Task goal: In your copy of the data, include no pictures and alter nothing else.

Recorded information:
____

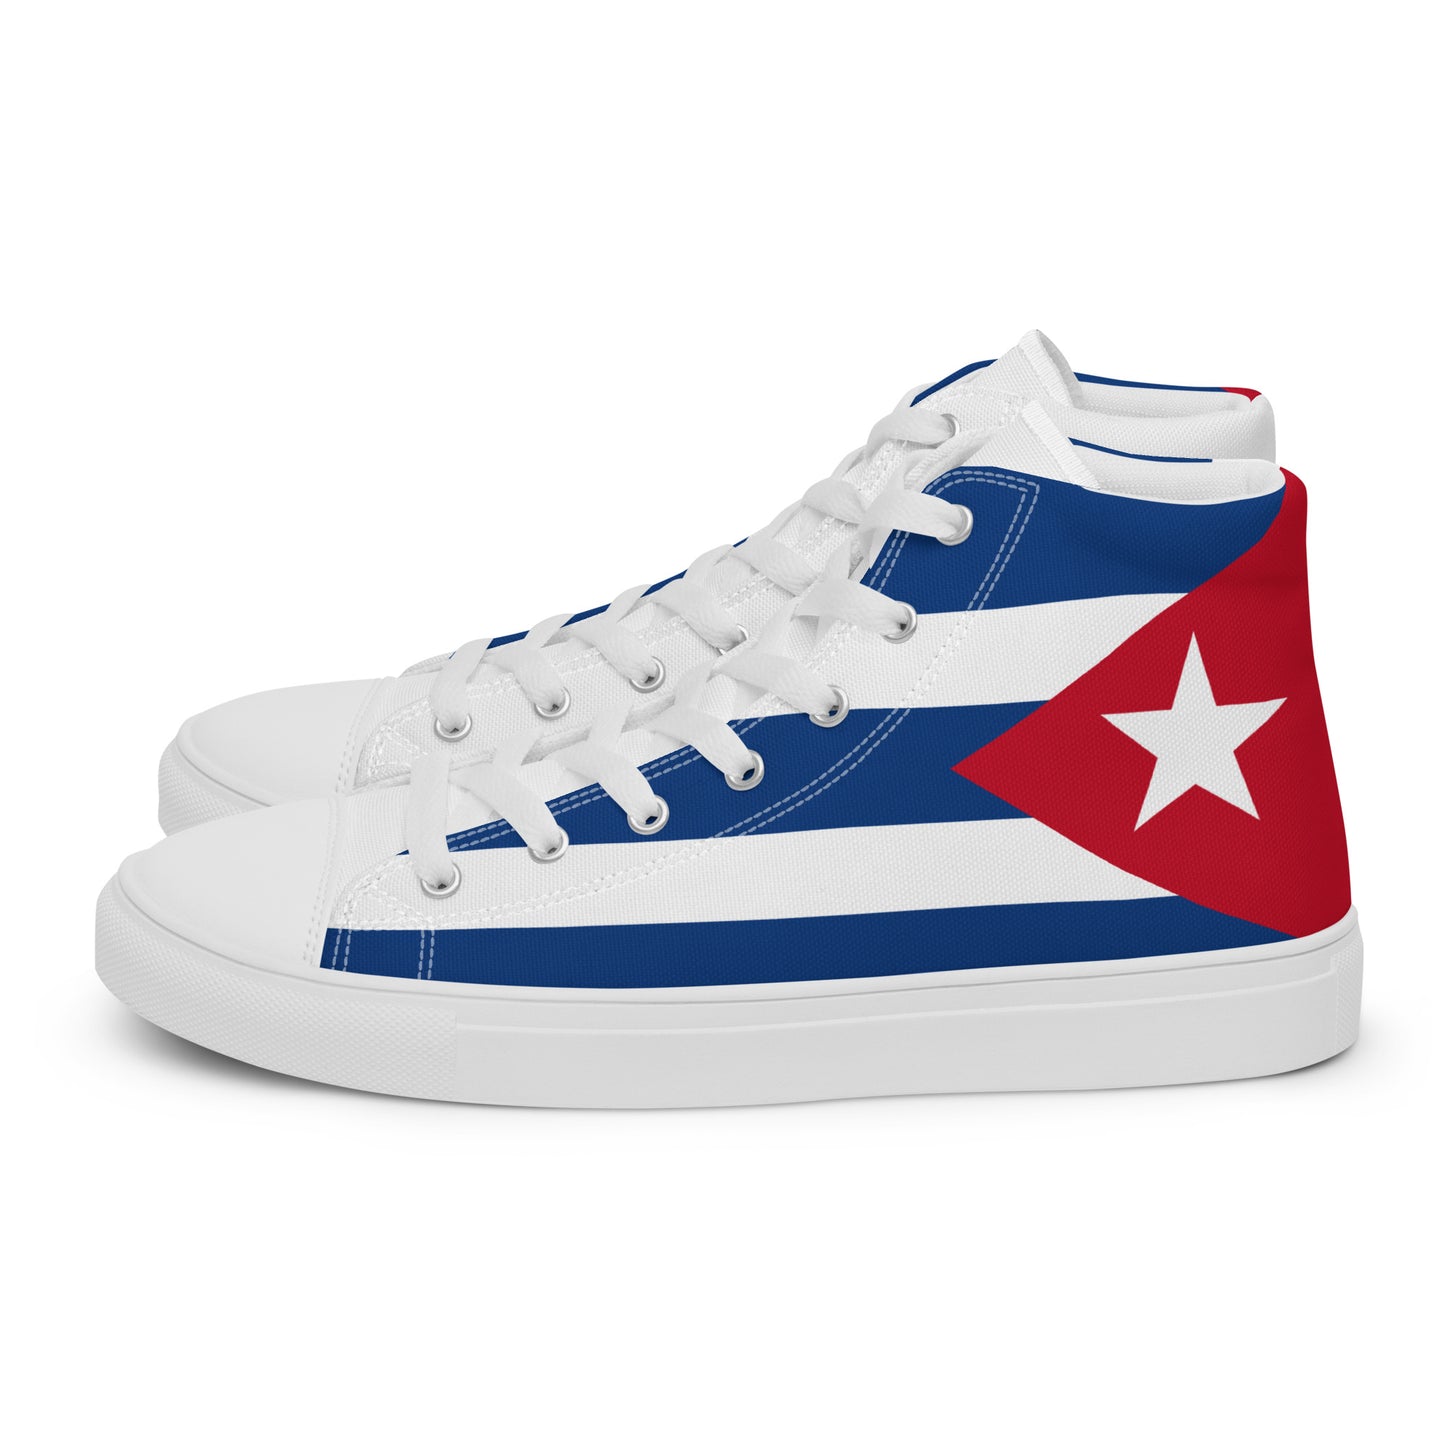 Cuba - Women - Bandera - High top shoes
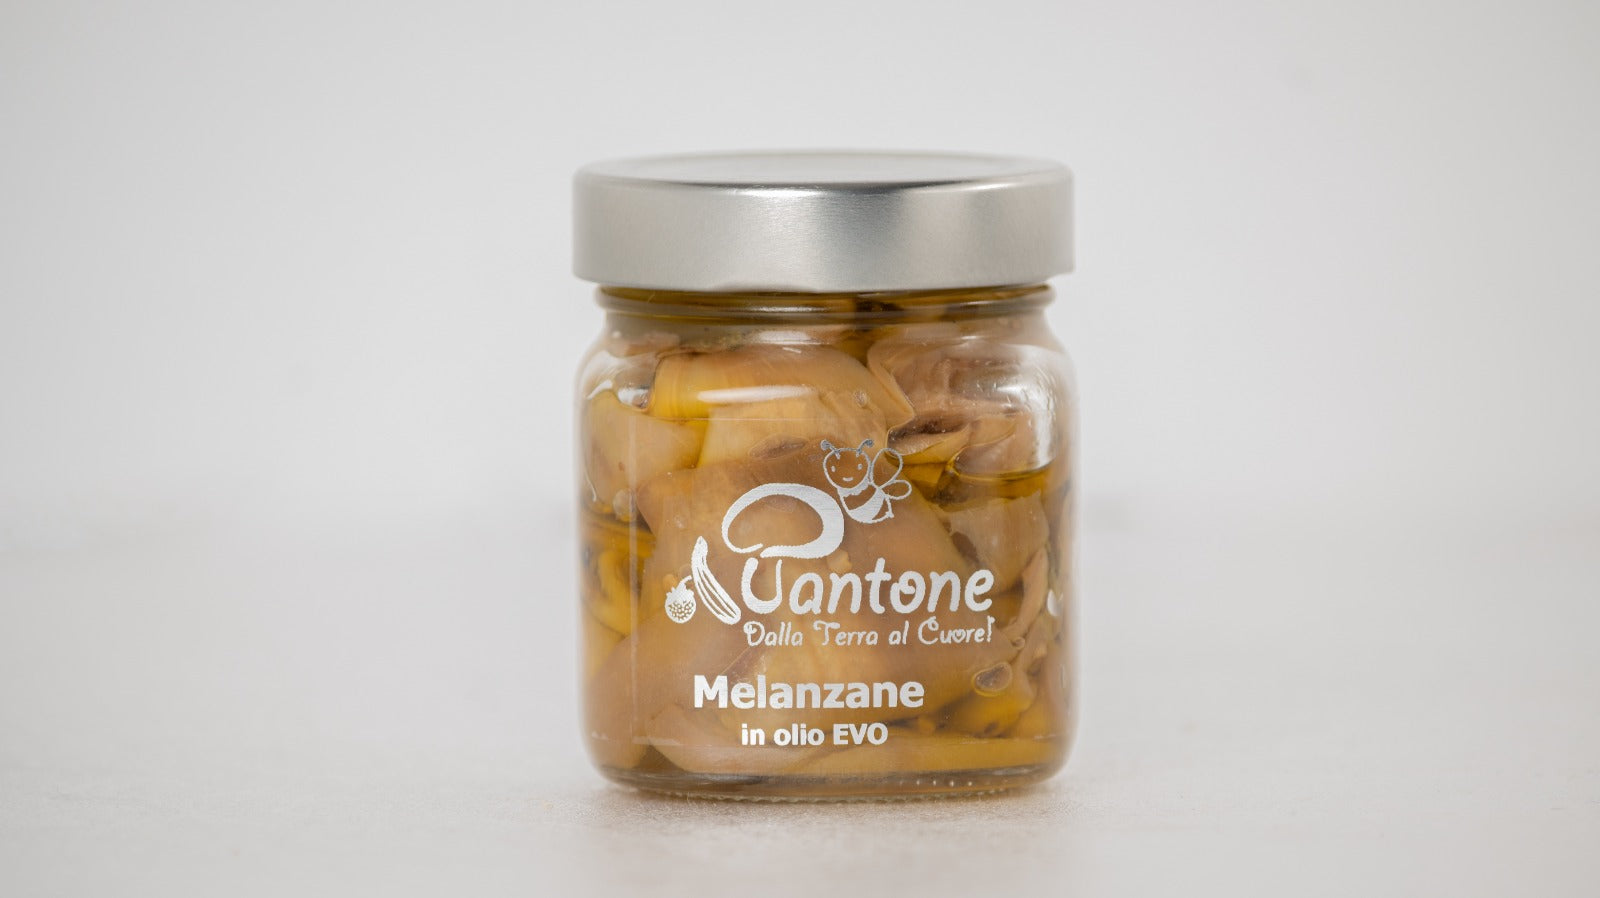 MELANZANE IN OLIO EVO - PANTONE - I migliori prodotti Made in Italy da Fiera di Monza Shop - Solo 31.50€! Acquista subito su Fiera di Monza Shop!
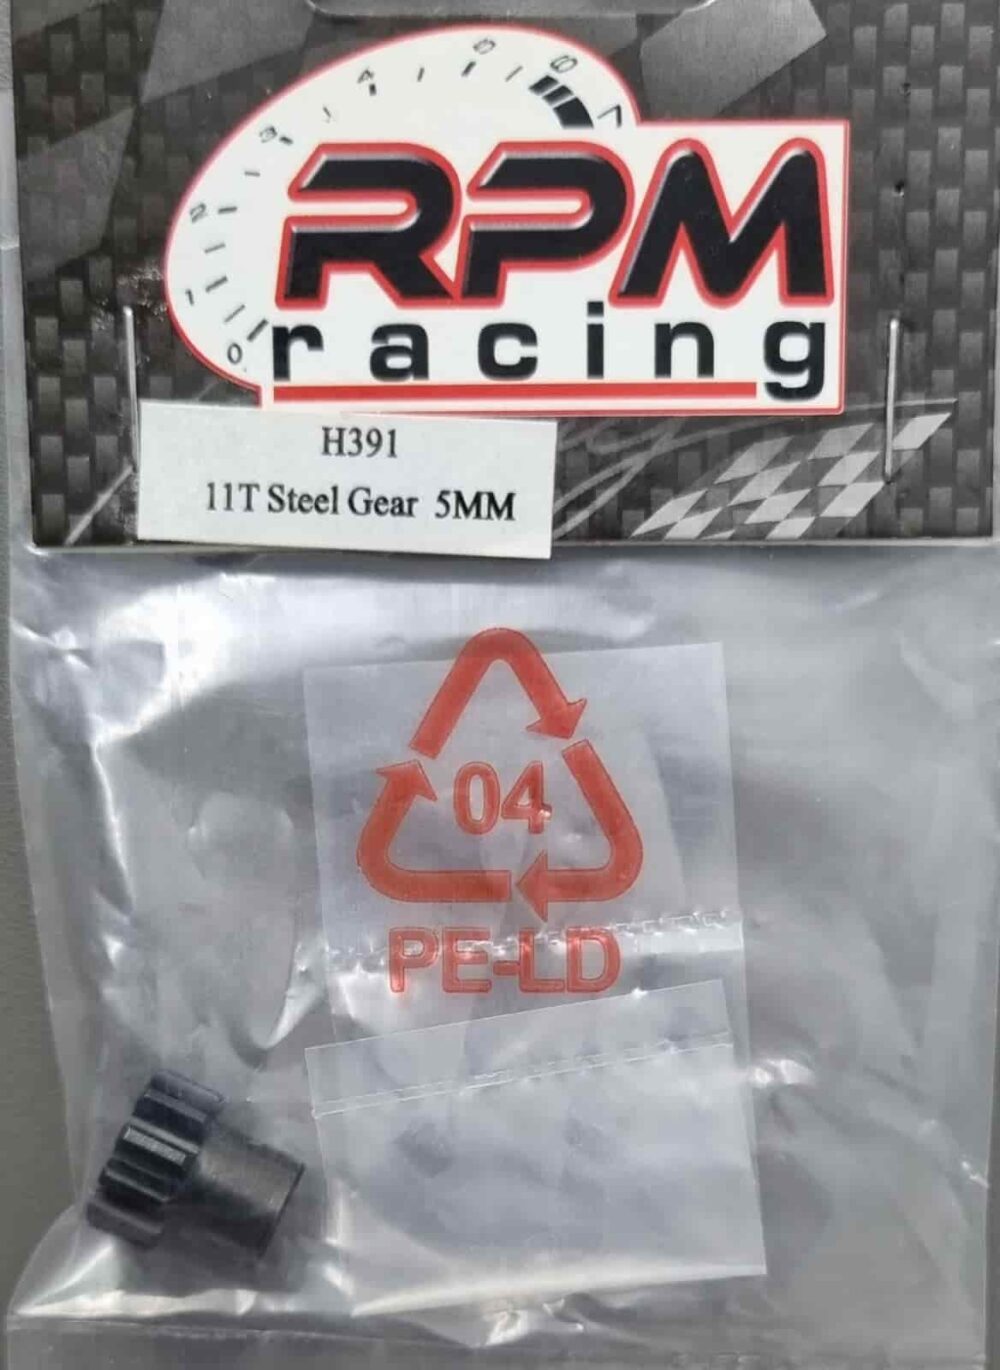 RPM-Racing - H391 Pignone 11T Acciaio M1 5mm
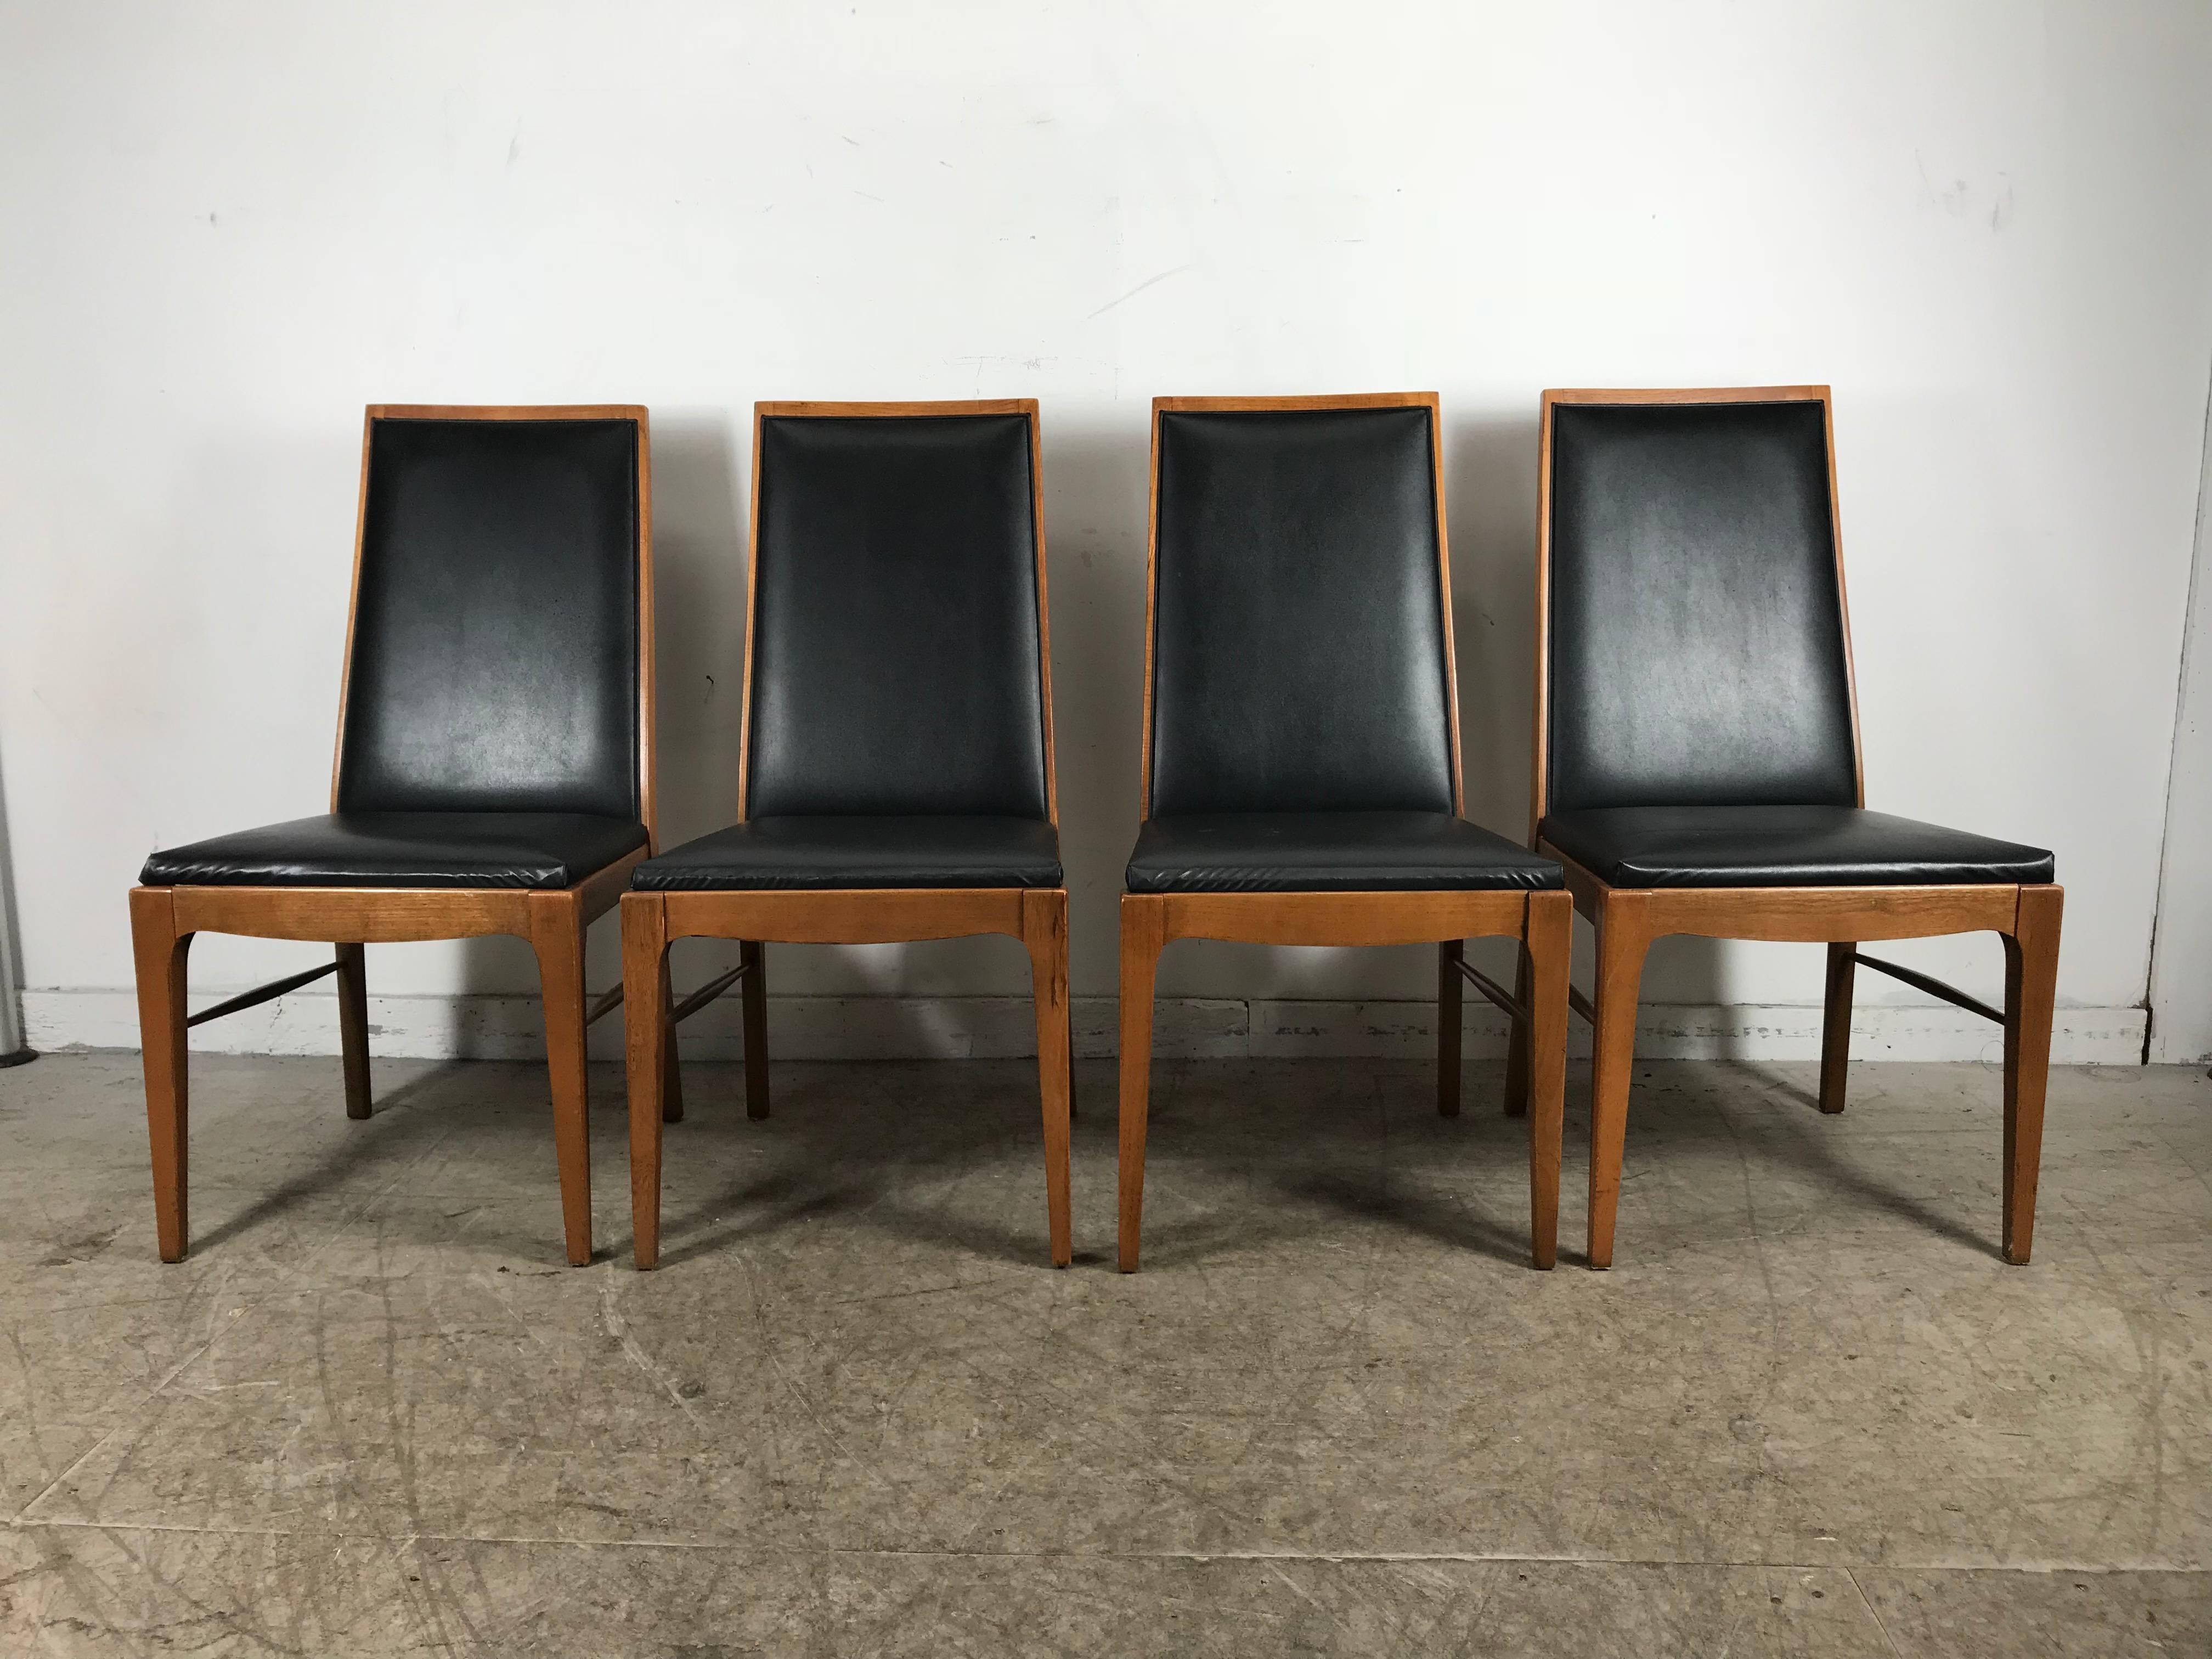 Satz von vier modernistischen Esszimmerstühlen aus Nussbaumholz von Lane Classic, schlichtes, elegantes Design, Rahmen aus massivem Nussbaumholz, robuste, feste Verbindungen, äußerst bequem. Persönliche Zustellung in New York City oder überall auf

____

The answer:
 Cuba - Women - Bandera - High top shoes
 MELANZANE IN OLIO EVO - PANTONE - I migliori prodotti Made in Italy da Fiera di Monza Shop - Solo 31.50€! Acquista subito su Fiera di Monza Shop!
 RPM-Racing - H391 Pignone 11T Acciaio M1 5mm
 Satz von vier modernistischen Esszimmerstühlen aus Nussbaumholz von Lane Classic, schlichtes, elegantes Design, Rahmen aus massivem Nussbaumholz, robuste, feste Verbindungen, äußerst bequem. Persönliche Zustellung in New York City oder überall auf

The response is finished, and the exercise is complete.